Hard agree there! And the service dog community on youtube is even more of a shit hole of poorly trained or not trained at all "service dogs" and young teenage handlers that won't take even the slightest bit of help let alone seek out a professional.

A professional at 7 yrs old is most certainly needed at this age. I agree that tasks are easy to train and take no time. Public access is the hardest to train and take the longest. If the dog is great in public, then maybe just train the tasks as you go and freshen up on the public access stuff.
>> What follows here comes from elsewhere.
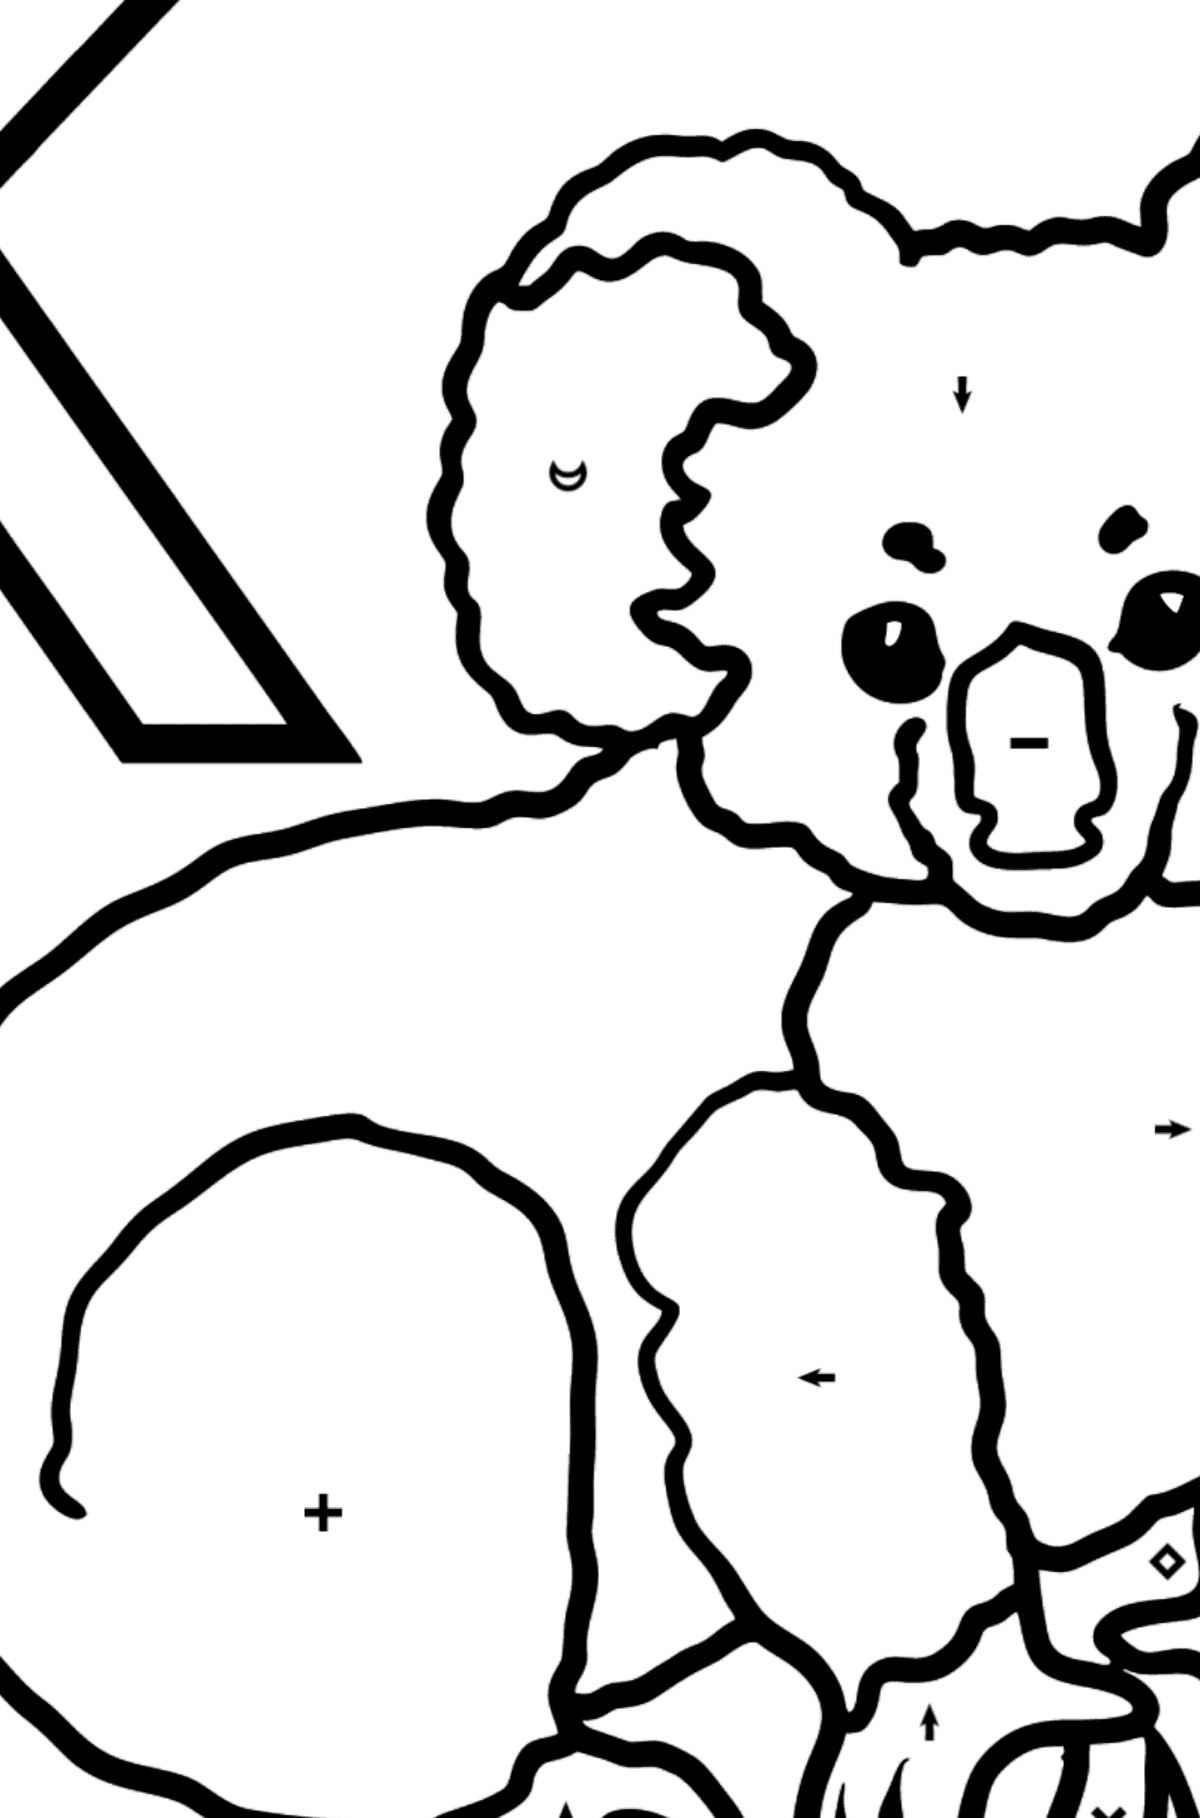 Spanish Letter K coloring pages - KOALA - Coloring by Symbols for Kids

In the US, dog training is unregulated. Any dope can just pop up one day and call themselves a dog trainer and take clients and money and have never trained a dog in their life. Personally? I would look for ones that do train service dogs. There are some good dog trainers that only train service dogs for veterans and some that will do so for free. And yes, look for the certifications. They are out there to get. They just aren't required. Which is sad if you are talking about a life.
 

Sideways

Moderator
In the US, dog training is unregulated.
Yeah, it's fundamentally unregulated most states here as well. But I think you guys at a minimum have a Canine Council (or similar - state branches etc)? Organisations like that are a great place to start for a referal, calling them up, checking their websites etc. Because legit trainers will be members or organisations like that. And shit trainers will have been banned from organisations like that.

It's a big community and a small community at the same time. People who do harm and have trainers come in to fix their mistakes? Word gets around. The people behind the scenes will often have a rough idea of who the idiots are and who the quality are.